I posted the following comment on Offensive Politics' post on its graphic presentation of Iowa results:
This post got referenced on Revolutions Analytics, and garnered a comment that the (default) HCL scale used by ggplot is faulty. I commented that the closeness of the vote is perfectly reflected in the color scale; the confusion is correct.
So, off I went to Wickham's ggplot2 book, chapter 6 on scales. scale_full_gradient2() and library(vcd) provide ways to impose non-linear color scales. At first, a good thing. But I wonder. There's been a good deal of discussion, here and there, with regard to spinning data. It would seem that using a non-linear color scale is just as bad as fiddling with axis scales.
What do you think?
I mentioned this post earlier, which was then followed by its linking from Revolution Analytics. One of the prime directives of professional statistics, as distinct from polemic number spewing, is that form shouldn't affect perception. In other words, don't fiddle the picture to plant an idea not supported by the data. In this case, the original commenter complained that the color scale made it difficult to distinguish among the counties' vote winners. My view, so far at least, is that the defaults used by R/ggplot for this implementation rightly reflect the similarity between Romney and Santorum.
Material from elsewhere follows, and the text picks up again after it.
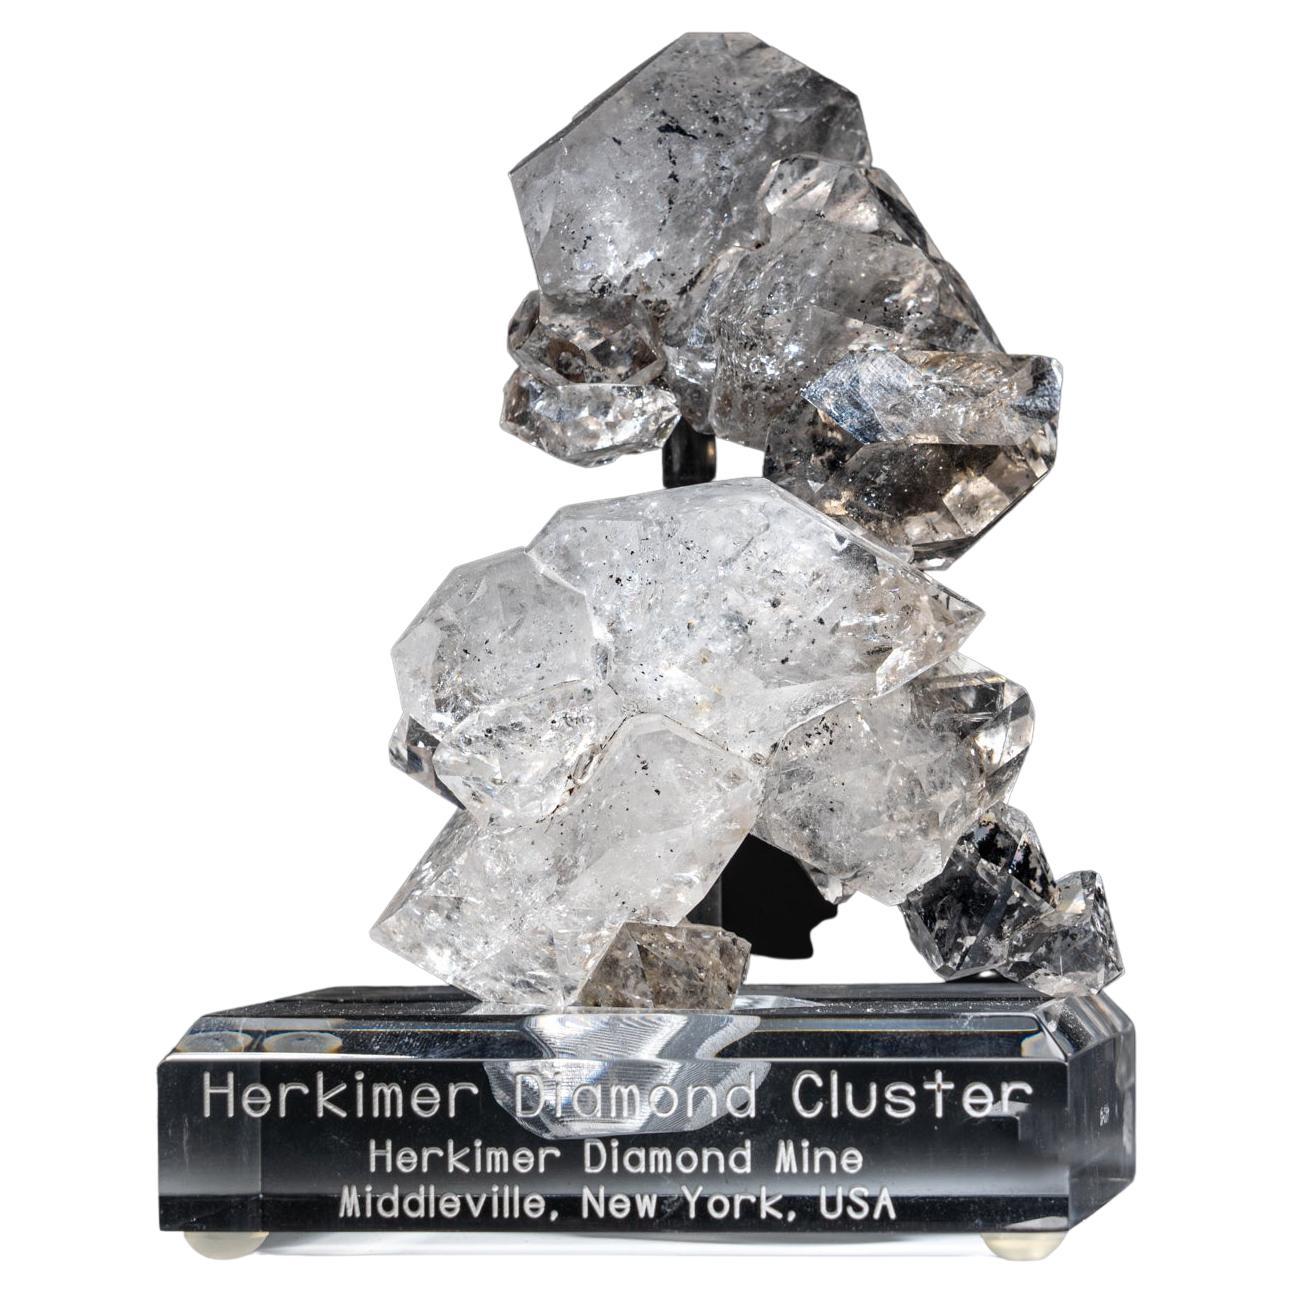 Amas de quartz de Herkimer provenant du County de Herkimer, New York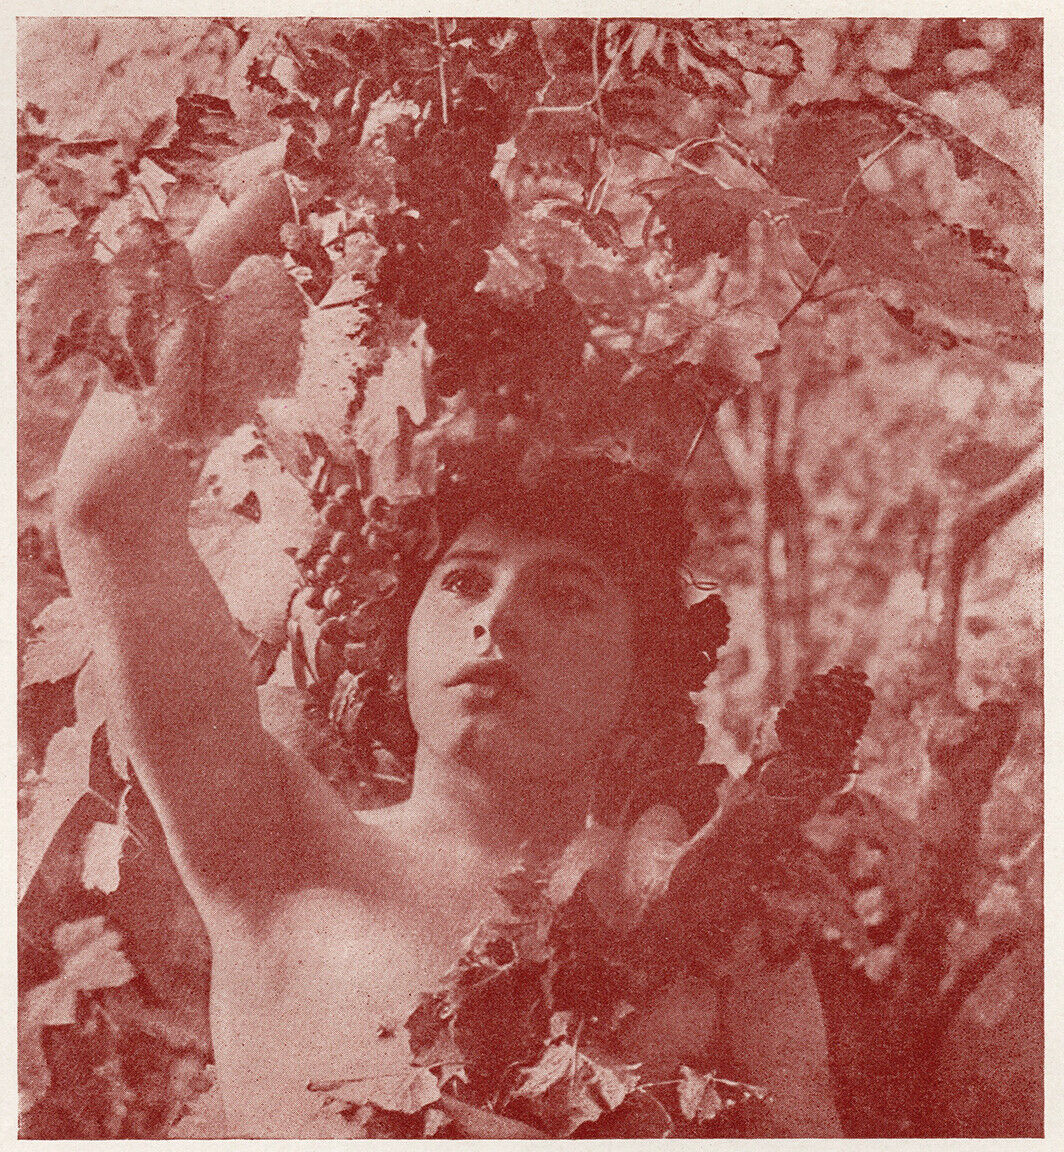 PAUL PICHIER, BACCHANTE, 1905Full Plate Halftone, Austrian Pictorialism

The default color scale is, essentially, linear. The alternatives mentioned are decidedly non-linear. Now, the notion of linearity with respect to color scales may be problematic, but the ggplot defaults do implement a notion of linearity, in that two opposite colors are blended along a linear mixing.
Here's examples from Wickham's ggplot2 text. I suppose it was uploaded legally. I hope.
This is the various color scalings:
As can be seen, the color gradient in the right two alternatives is far more extreme. I'm still not convinced that one should do such fiddling.